Why Do People Share?
So why would people share content that they’ve either never read, or have just merely skimmed? It’s a question that the folks at The New York Times were interested in as well. So interested in fact, that they partnered with Latitude Research to do a study called The Psychology Of Sharing: Why Do People Share Online? The study had three phases including in-person interviews, a one-week sharing panel and a survey of 2,500 medium/heavy online sharers and explored the motivations behind why people share.

The study revealed that sharing is not new, it’s just evolved from face-to-face and verbal sharing, to information age sharing with more up-to-the-minute information via Twitter, Facebook, Instant Messenger, texts and email. And according to the study, people who are sharing are doing it for different reasons:

  1. To bring valuable and entertaining content to others – 94 percent of shares responded that they carefully consider how the information they share will be useful to the recipient. 
  2. To define ourselves to others – 68 percent share to give a better sense of who they are and what they care about. 
  3. To grow and nourish relationships – 78 percent share information online because it lets them stay connected to people they may not otherwise stay in touch with.
  4. Self-fulfillment – 69 percent share information because it allows them to feel more involved with the world
  5. To get the word out about causes and brands – 84 percent share because it is a way to support causes or issues they care about.

How to Get Your Content Shared and Read
With so much content being produced and shared every minute of every day, how do you get yours to stand out and get read? A few simple factors can help including the following:

  1. Appeal to people’s desire to connect with each other, not just your brand or cause. Look at the recent Ice Bucket Challenge for ALS. Friends and family could nominate each other (making it about each other and the cause) via social media to take the challenge and raise awareness. It went viral and you were hard pressed to find someone in your network that hadn’t taken the challenge or made a donation. 
  2. Establish trust: How can you expect people to read and share your content if they don’t know who you are or what you represent? If you want to become a thought leader in your industry or field, you need to nurture a loyal following by producing relevant, reliable information that is valuable for your intended audience. You can’t be credible if you publish inaccurate posts that are totally self-serving. Helping, not selling, has become the mantra of content marketers far and wide. 
  3. Keep it simple: “One Simple Story” is a method many marketers practice and for good reason.

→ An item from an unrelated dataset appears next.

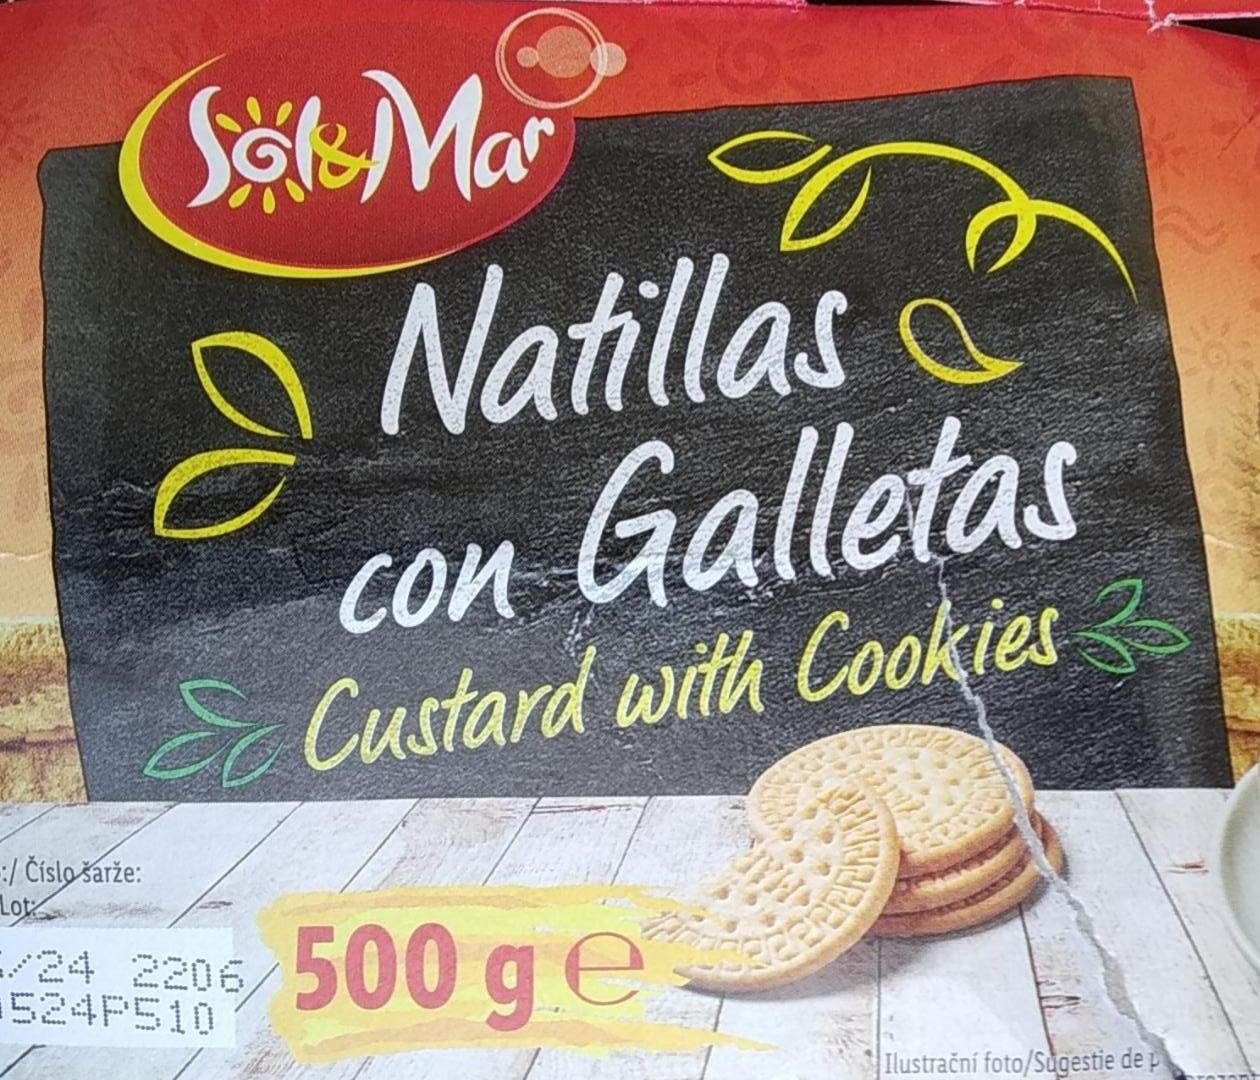 Fotografie - Natillas con galletas custard with cookies Sol&Mar

By clearing away distractions and unnecessary fluff, your content won’t get muddled and your reader will better understand and connect with your intention.

You’ve made it to the end of this post! Now you can share away knowing you’ve read it top to bottom!

Do you share content without reading it entirely? Tells us why in the comments.

Get more marketing news, tips and tactics in the Weekly VR Buzz.

© 2014 – 2018, Contributing Author. All rights reserved.

  • Carrie

    I read this article from top to bottom because in the title it said “People Don’t Read What they Share”. I felt I had to read it so I would not be considered one of them! Maybe we need to put something like that in our titles to challenge people to actually read it.

  • Randy Kmieciak

    I will only share something if I have read it and think others will find it interesting like this article.

  • Michelle Thurman

    I find myself sharing the articles I read and find interesting. And I read a lot. It’s a habit I’ve acquired over the years but I do not share everything I come across. The articles or posts I share tend to be beneficial to others or there is something about the story line I see that may be beneficial. That’s important to me.

  • Amy


    I shared it. After I read it 😉
    This is actually a huge pet peeve of mine. Nothing gets me angry like reading a shared article, attempting to discuss it with the person who shared and get “oh … I didn’t read it” as a reply. Grrrr!